Mel Gibson's new WWII movie celebrates real heroes
Director Mel Gibson returns with a WWII movie that celebrates pacifism
While Mel Gibson has been persona non grata for several years in Hollywood, no one can say he is not a good director.
With Hacksaw Ridge, his latest film opening here tomorrow, maybe all is forgiven. Ultimately, Hollywood is a business.
Gibson, 61, tells the story of Desmond Doss, a religious man who enlisted in the army voluntarily as a medic, even though he had no intention of firing a shot.
In the final days of the ferorcious battle for the Japanese island of Okinawa in 1945, Doss single-handedly saved 75 men under fire without a gun.
The skinny pacifist had been ridiculed by fellow soldiers during training, mistrusted as a liability in the field and abused every step of the way.
But he earned their admiration at Hacksaw Ridge - a heavily fortified cliff with machine gun nests, booby traps and Japanese soldiers hiding in caves - when he refused to seek cover, did not retreat with his battalion, and repeatedly ran into the kill zone to drag his compatriots out of harm's way.
In the movie, Andrew Garfield plays Doss, who was awarded the Congressional Medal of Honor from President Harry Truman in October 1945.
What touched you most about the story?
In a cinematic landscape overrun with fictional "superheroes", I thought it was time to celebrate a real one.
I don't see it as a war film, I see it as a love story, and not a romantic love story. About the love that a person has, wanting to never harm his brother.
In the hell of war, when most men descend to the levels of an animal, this guy hones his own level of spirituality, and is able to display love.
This guy is so transcendent to what was going on around him and was so heroic in his need to save life right in the place where it was being taken.
People are calling this your comeback. What do you say about that?
I don't feel like it's some kind of comeback. It's the first time I have stepped back into the saddle as a director in a while, and it's kind of like riding a bike.
But I had been busy writing and developing stuff.
Traditionally, people have not been too willing to back the things that I wanted to generate from myself, so I used to put my hand in my pocket and in that way, they worked.
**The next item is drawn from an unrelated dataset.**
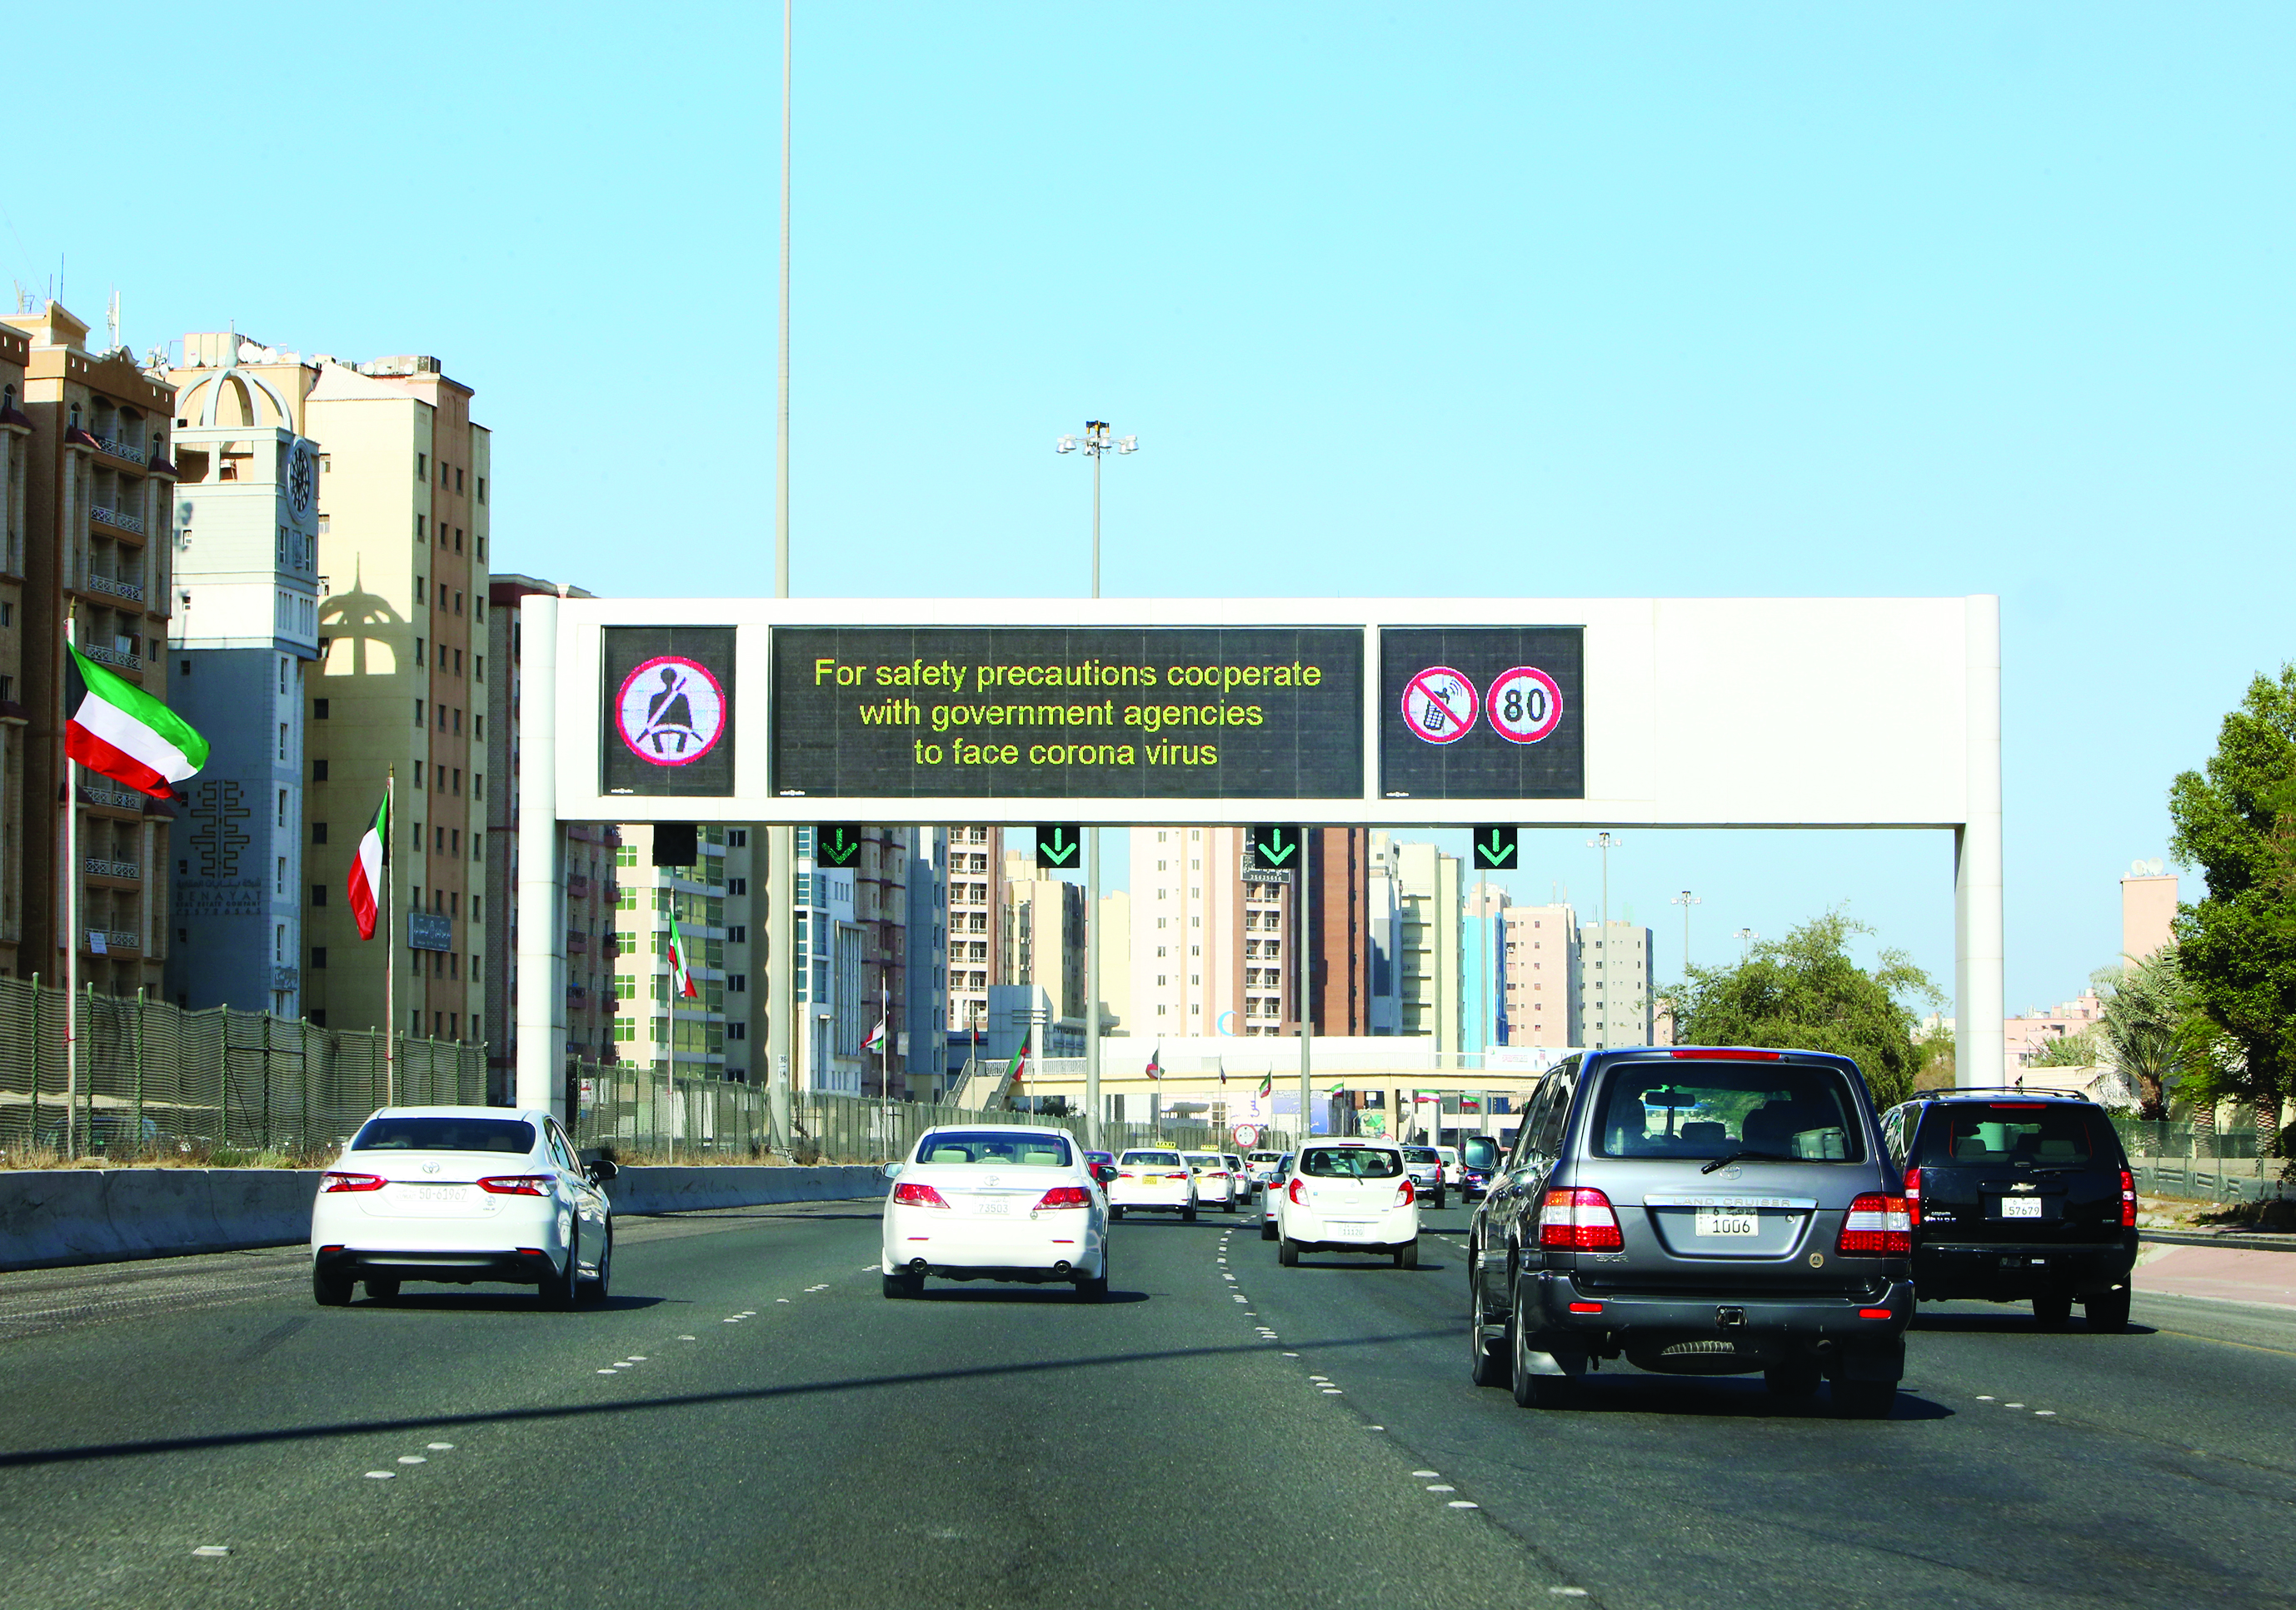 Vehicles pass by a billboard showing precautionary instructions against the coronavirus as they drive on a main highway in Kuwait City on March 3, 2020.
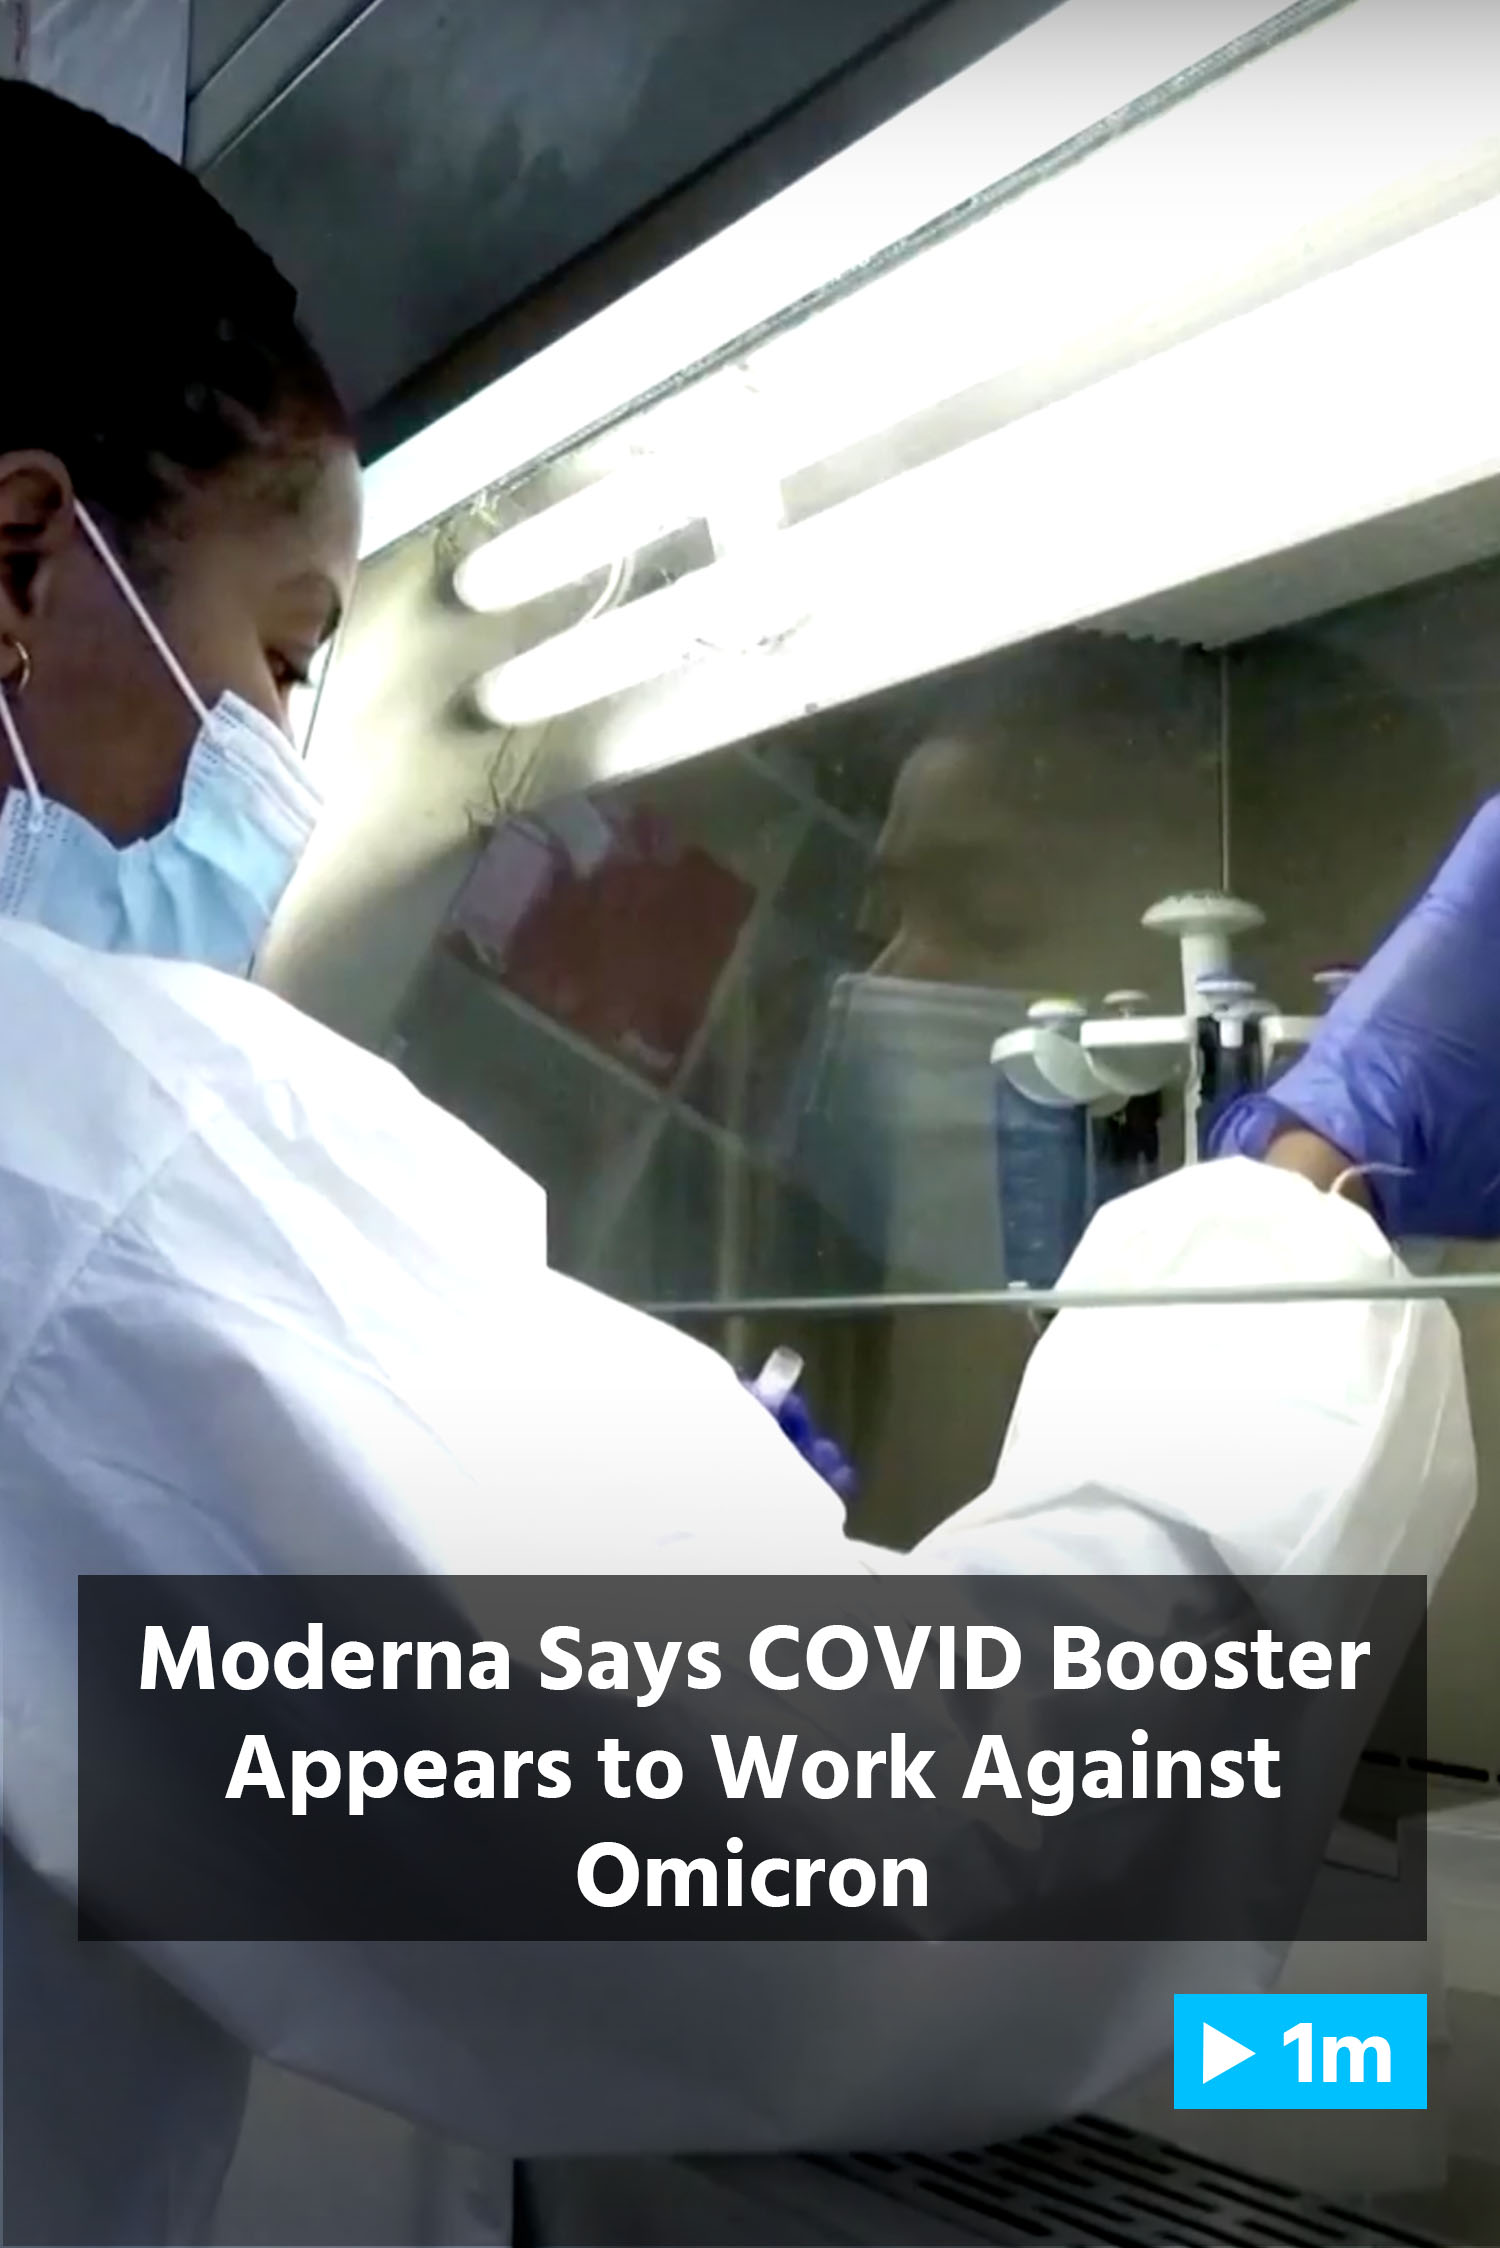 Moderna says COVID booster appears to work against Omicron

Nothing has happened for a long time because I wasn't willing to take the risk, because you can get burned too. Of course, I dabbled in acting here and there (laughs), so it was not all bad.
I also got a chance to perfect my fly-fishing technique (laughs), be a hands-on dad and work on myself.
What were the challenges of shooting?
You are not doing medieval battle where it's man versus man with blunt objects. You are doing explosions and bullets and stuff like that. It's all a little more technically demanding.
Camera angles have to be different for that kind of stuff. We were going as fast as we could with a budget that was about 20 per cent less than what I had on Braveheart (1995) ,which was also shot in about half the time.
Do you miss the times you were one of the most sought-after actors?
What I do is seek to fulfil my creative life. And I have the rest of my life - kids, romantic stuff - it seems to be in pretty good order. Those other celebrity concerns, I think they faded far away and even at the time, they weren't what they were cracked up to be. So I am just jaded (laughs).